Юрий Пензин - К Колыме приговоренные
— Нешто это жизнь, — ругался он, — супротив той — одна канителя.
— А где твой Туркестан? — смеясь, спрашивали его детдомовцы.
— А где турки живут, — не задумываясь, отвечал дядя Егор.
— Турция, что ли? — не понимали детдомовцы.
— Турция — не Турция, а называется Туркестаном, — выкручивался дядя Егор и, видимо, чтобы не показать своего незнания географии, поднимался со своей табуретки и говорил:
— Ну, хватит бобы разводить. Пора спать.
В этот раз такого разговора с дядей Егором не получилось. Дело в том, что Казимир, осматривая карманы Зубаря, нашёл в них остатки ворованного им с кухни изюма. И хотя этого изюма детдомовцы никогда на своих столах не видели, Зубаря Казимир уже по правде решил отправить в колонию.

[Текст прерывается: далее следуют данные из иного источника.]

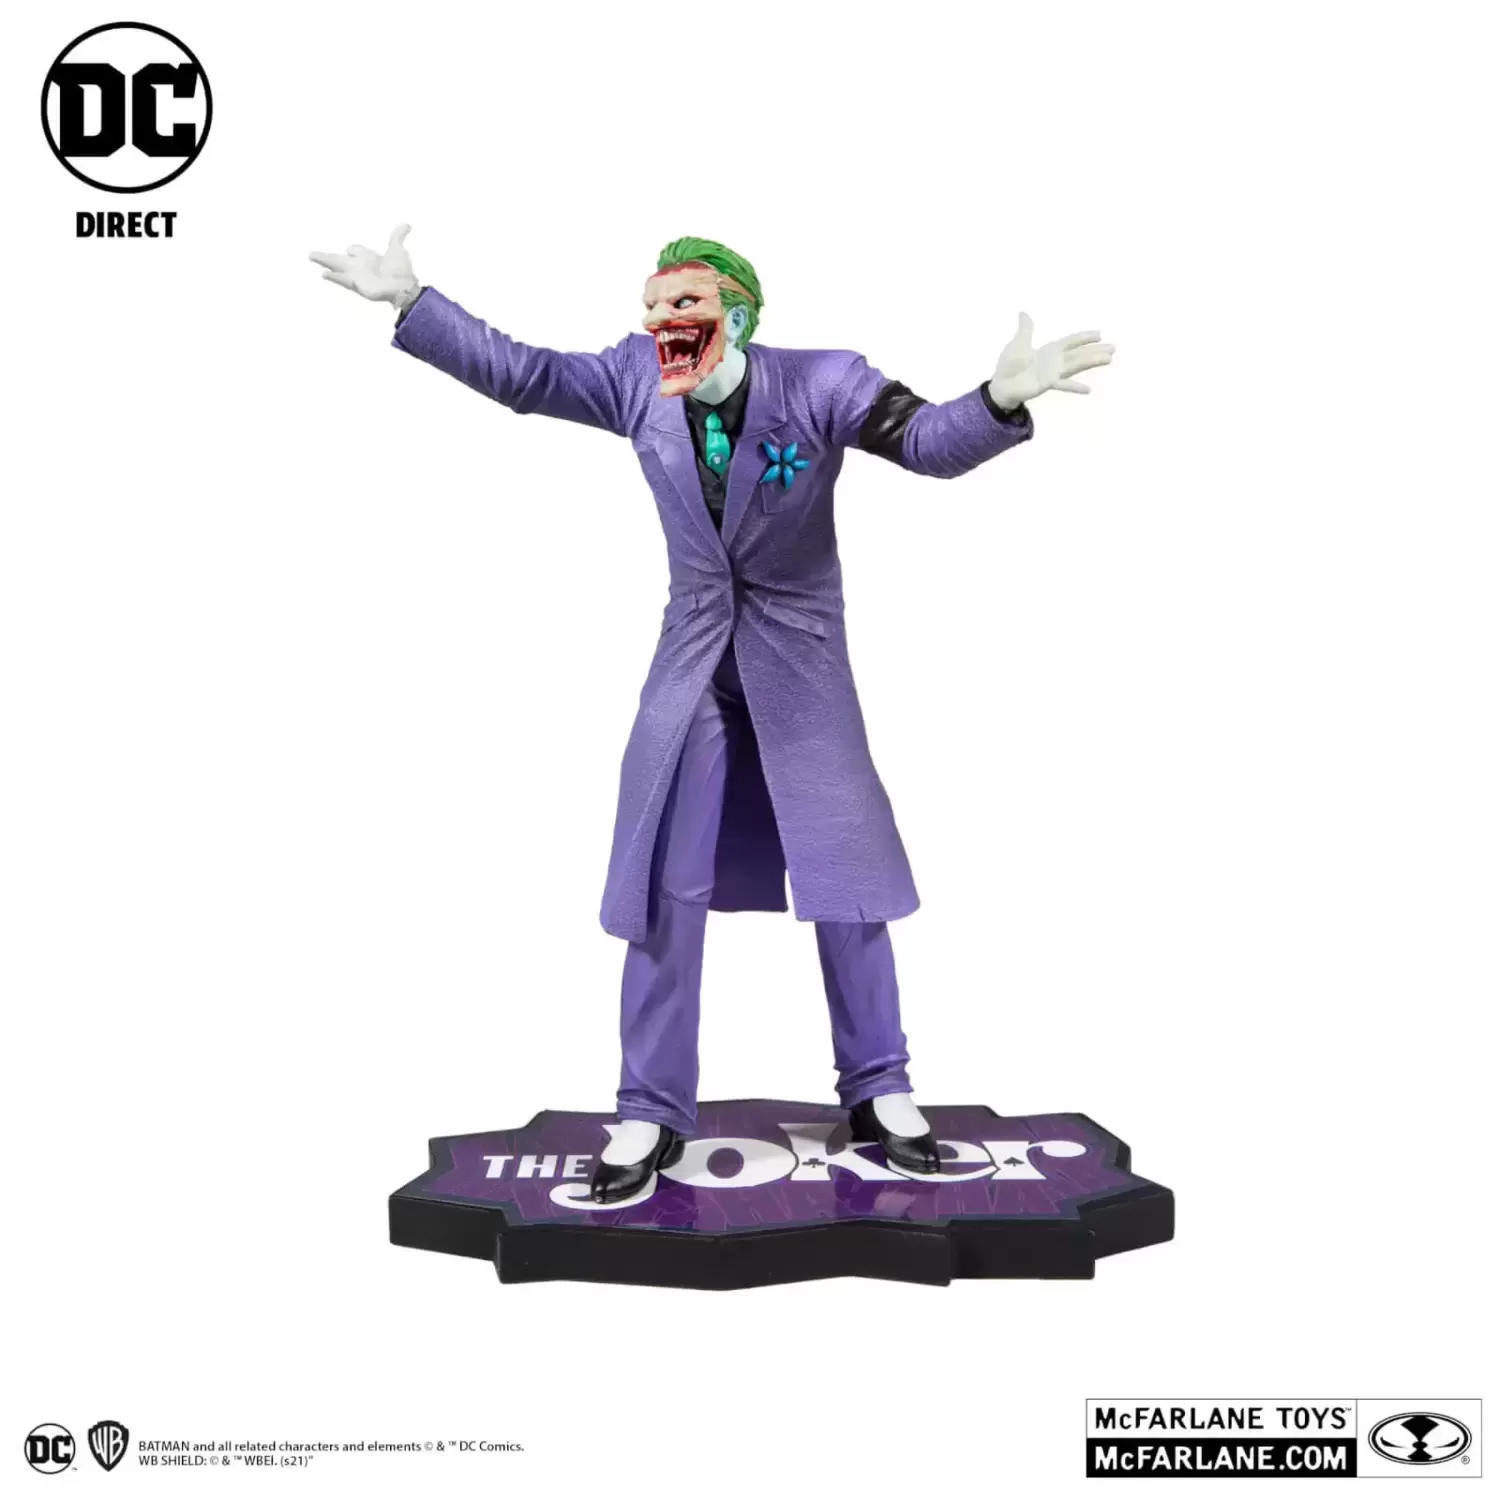 DC Collectibles Statues - The Joker: Purple Craze by Greg Capullo - DC Direct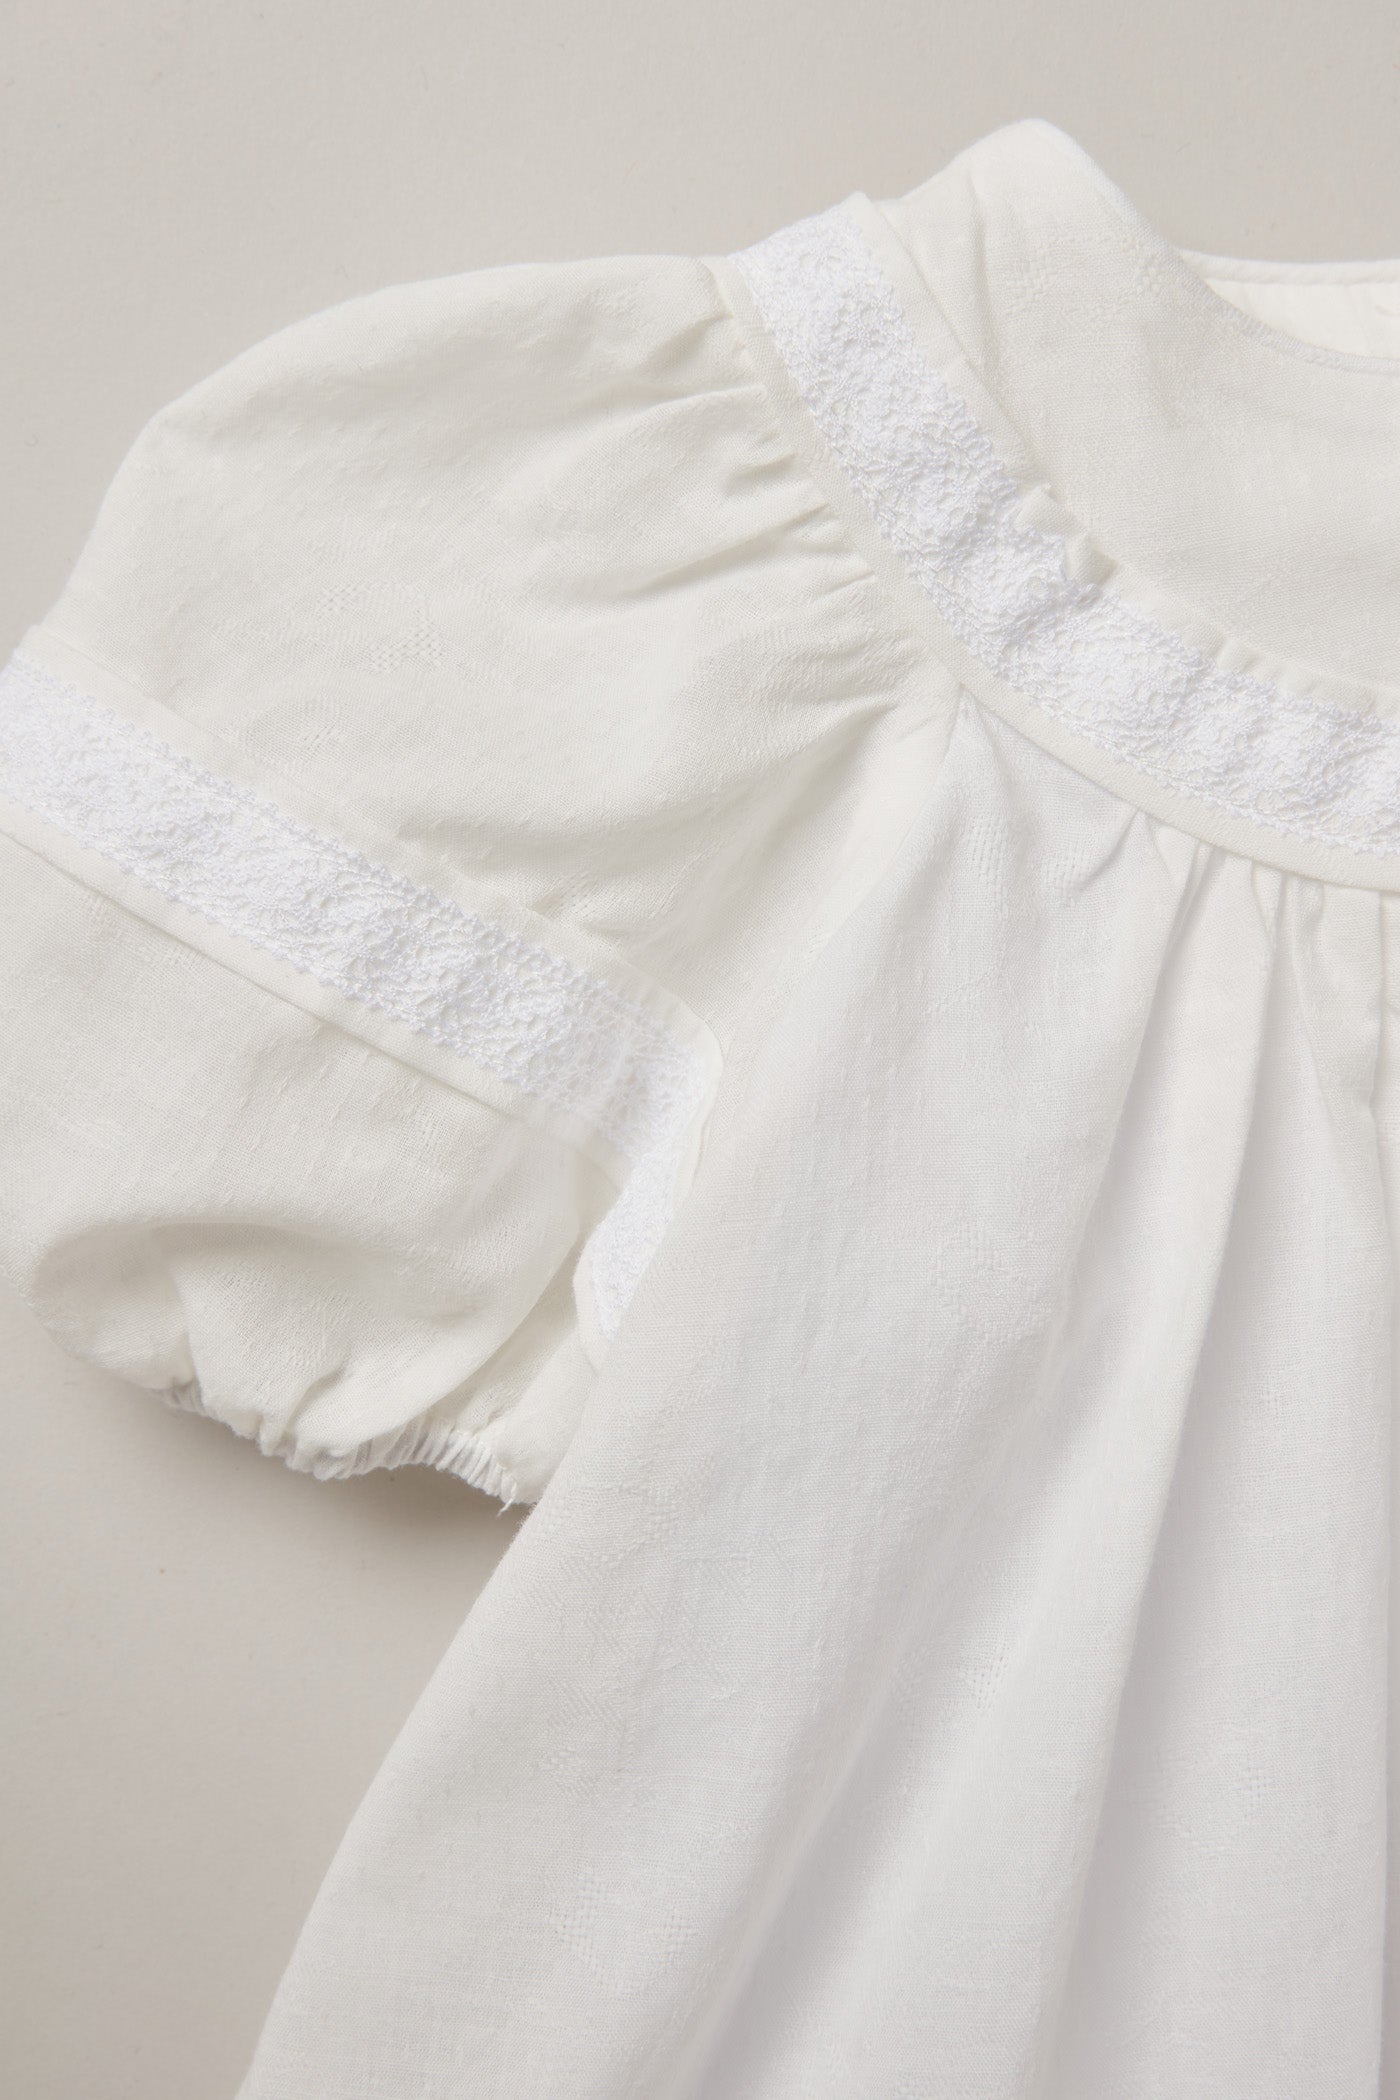 Baby Plumcake Dress in White

Теперь Зубарь сидел на своей кровати расстроенный и ни с кем не разговаривал.
— Турок ты! — напал на него дядя Егор. — Воровать не умеешь.
По его выходило, что воровать можно, но попадаться нельзя, а попался, считай — ты дурак, и ходи в этих дураках до самых новых веников. Видимо, у него это шло оттого, что всех детдомовцев он считал людьми пропащими, и ждёт их всех тюрьма и каменные, как он говорил, кальеры.
— Да иди ты! — как и Казимир, послал Зубарь дядю Егора подальше.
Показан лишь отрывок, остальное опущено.